Потом, узнав ее, будто просветлел. Что-то похожее на улыбку искривило его лицо, он вскочил на ноги, заговорил горячо, со злостью, то ли оправдываясь, то ли угрожая кому-то, а может, и всем им:
- Вы... Вы!.. Вы все против меня!.. Вы думаете - я?.. Все вы меня ненавидите, я знаю!.. Ненавидите и не верите!.. А я... Вот! Читай!..
И в порыве откровенности (может, потому, что это была она) Дуська положил перед нею два вырванных из середины тетради листа, где он писал в местную районную газету, что его, Дуськин, отец оказался гадом, врагом народа и немецким шпионом. И он, Данило Фойгель, навечно отказывается от своего отца, ненавидит его, проклинает и даже сменит свою фамилию, чтобы никогда не иметь ничего общего с этим проклятым шпионом и врагом народа.
Яринка быстро пробежала письмо глазами и растерялась, пораженная его содержанием - отказом от родного отца и даже от фамилии. Она поняла: враг есть враг (а что отец Фойгеля - раз он уже арестован- враг, она тогда не сомневалась), но... Можно, наконец, за что-то возненавидеть и родного отца. Однако отец есть отец, и фамилия есть фамилия.

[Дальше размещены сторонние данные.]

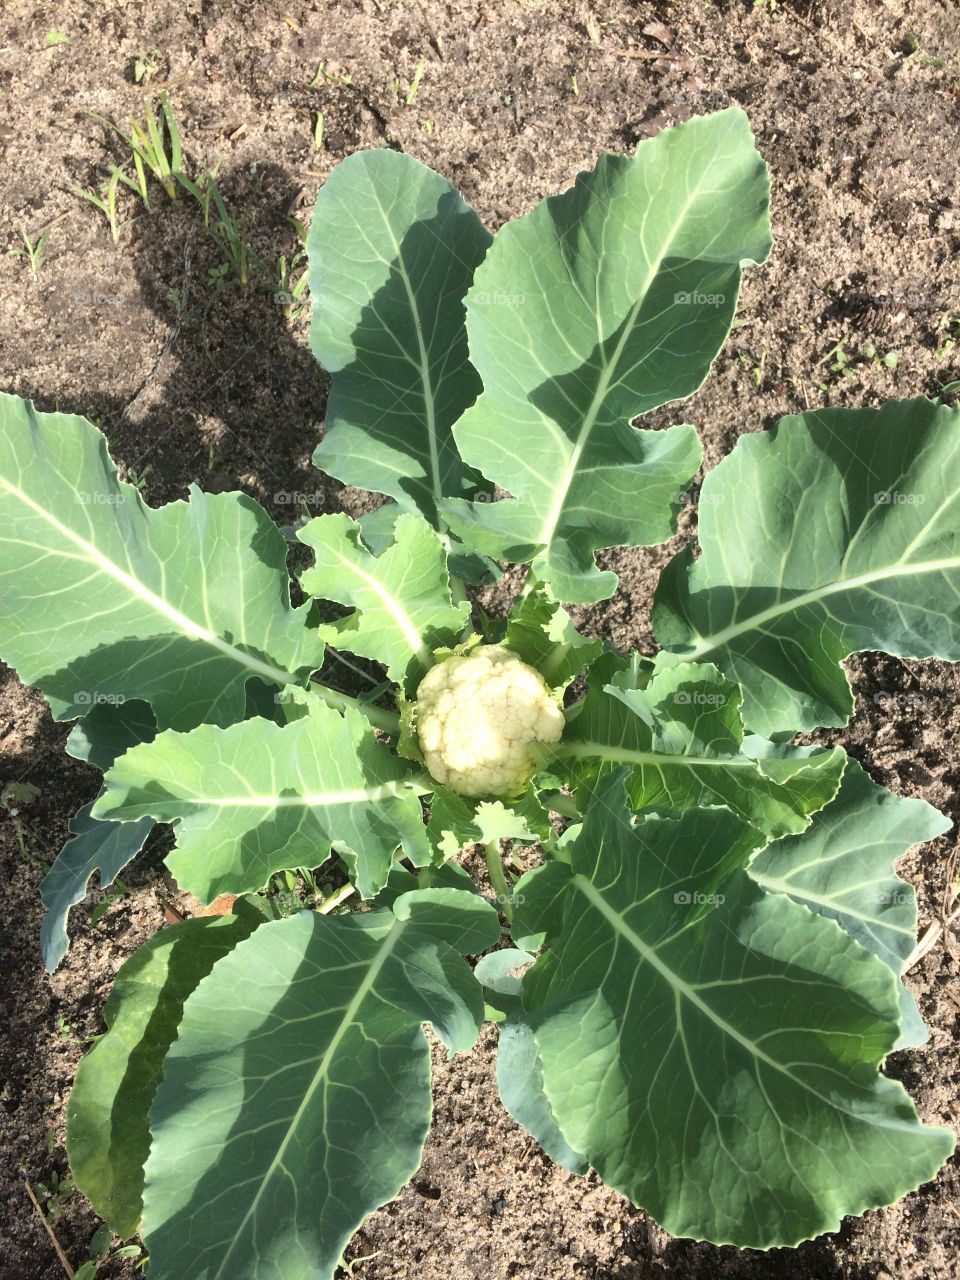 Cauliflower planted 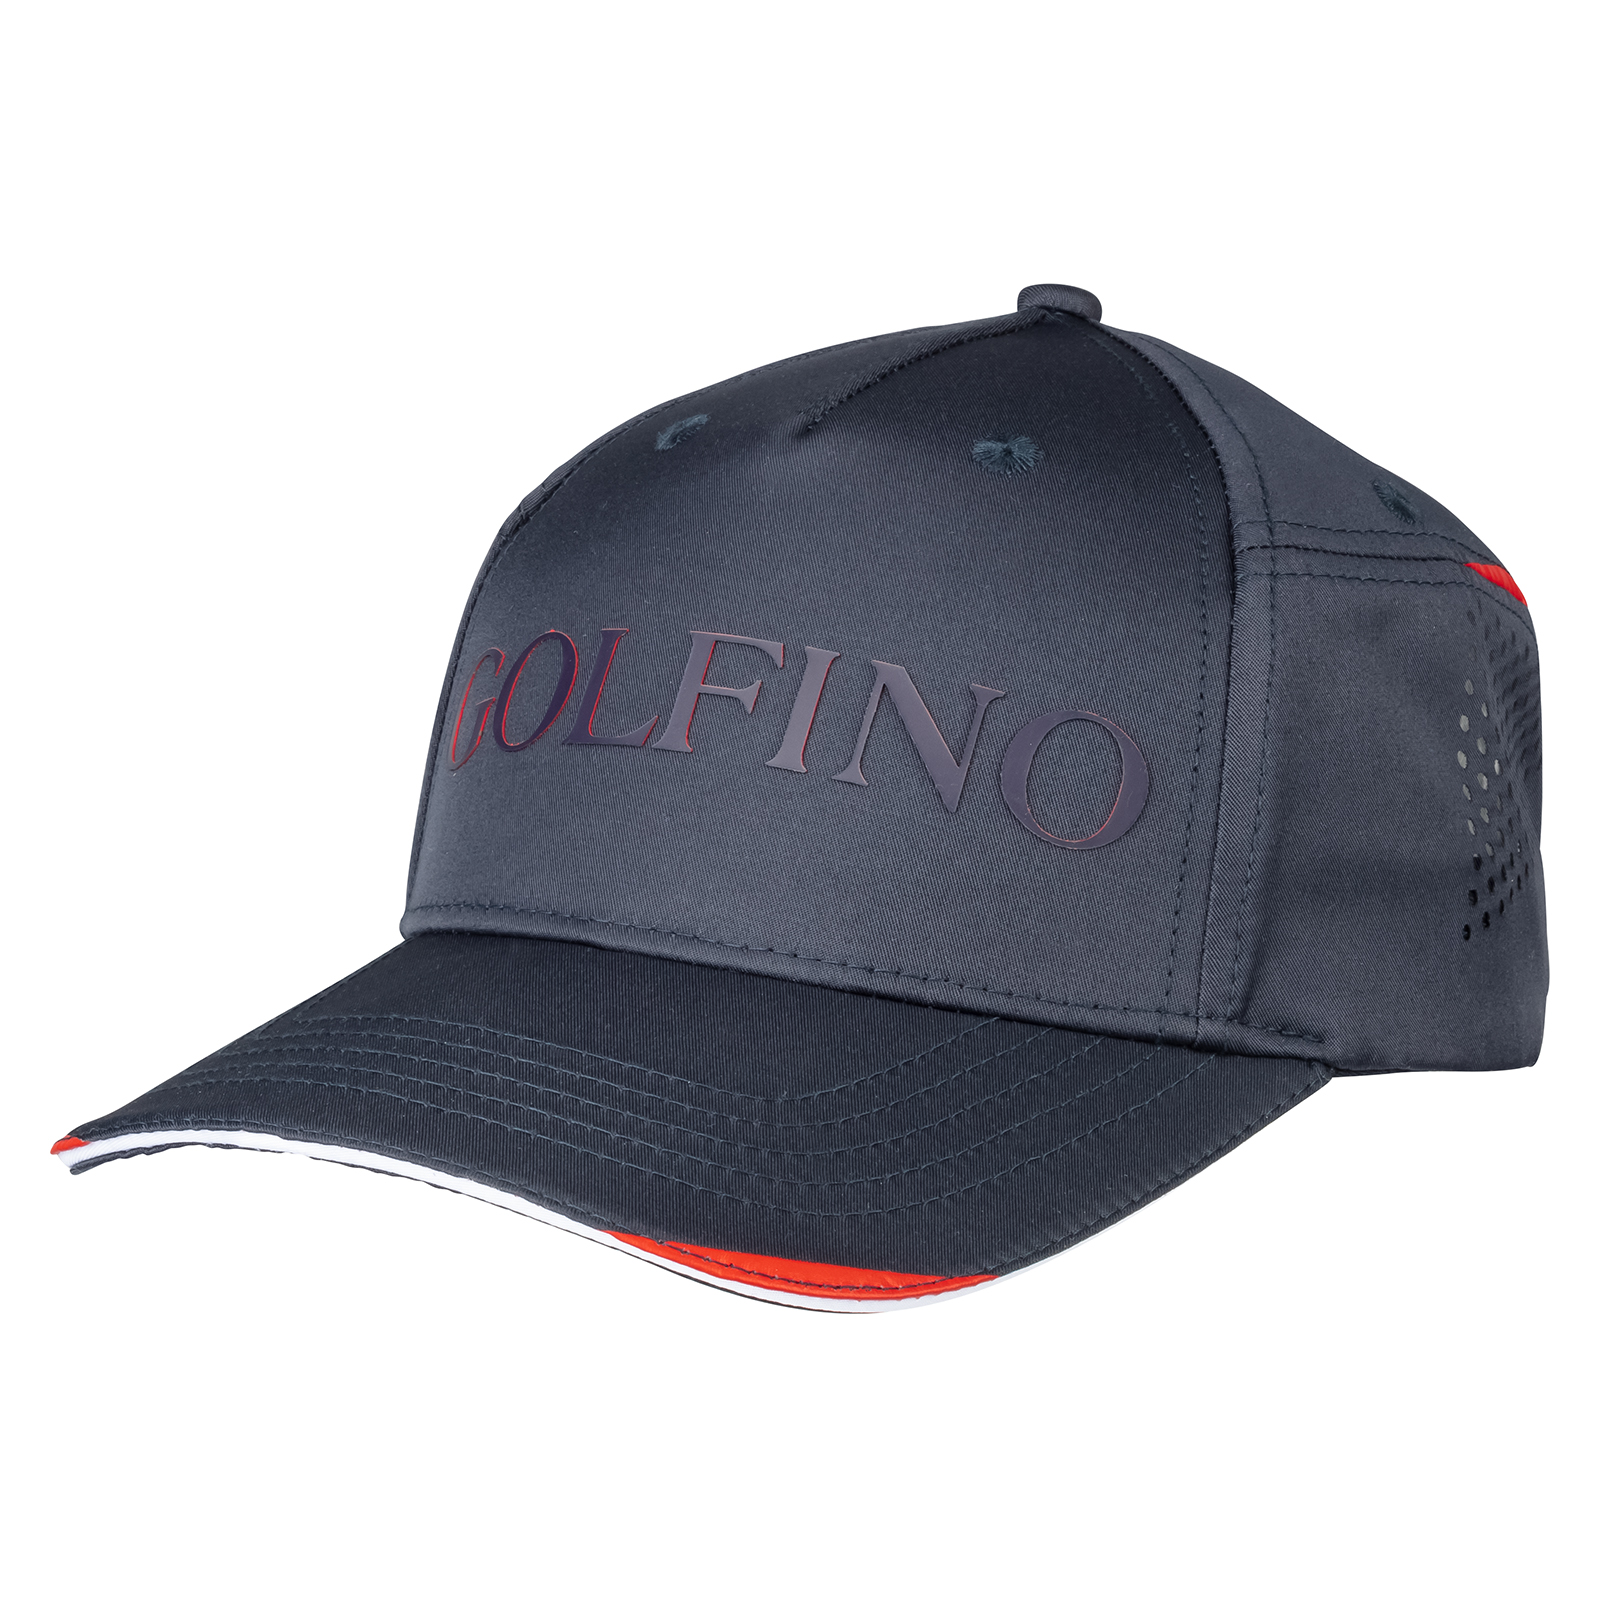 Men's performance golf cap with 3D printed logo

Всего этого не скрыть, не сменить, как старые сапоги. Нет. Она, например, умерла бы от стыда за отца, за себя, все стерпела бы, повесилась бы или утопилась, нр такого, чтобы только себе легче или лучше, она бы не сделала... Одним словом, ей стало както гадко, неловко и даже страшно. И, ничего не сказав, не промолвив и слова, она с презрением отвернулась от Дуськи и вышла из читальни.
Через несколько дней после того Дуська из их школы исчез. Перевелся, говорили, в другую, называвшуюся сельской, десятилетку. В десятом классе он снова почему-то оказался у них, держал вместе с ними выпускные экзамены. Никакого столкновения, никакого разговора с ним - кроме того последнего о немецком языке уже в начале войны - Яринка за то время не запомнила.
И вот он, отказавшись от родного отца, немецкого шпиона, сам став палачом в немецкой жандармерии, приехал сюда, стоит в машине на дороге и выслеживает, ищет Яринку взглядом своих белесых глаз. Увидел...
Впился глазами... Яринка подтянулась, шагнула тверже.
Шла, глядя прямо на него, высоко подняв голову... Ближе... Ближе... Совсем близко... Всего несколько десятков шагов. До машины осталось десять, семь, может, пять шагов, и взгляды их скрестились. На мгновение. На одно долгое-долгое, как вечность, мгновение. И первым (неужели не выдержал ее взгляда?) отвел свои глаза Дуська, взгляд его скользнул мимо нее дальше, вдоль колонны. Не узнал?! Не мог не узнать. Дуськин взгляд прожег ее насквозь. Может, бросится вдогонку? Оглянуться?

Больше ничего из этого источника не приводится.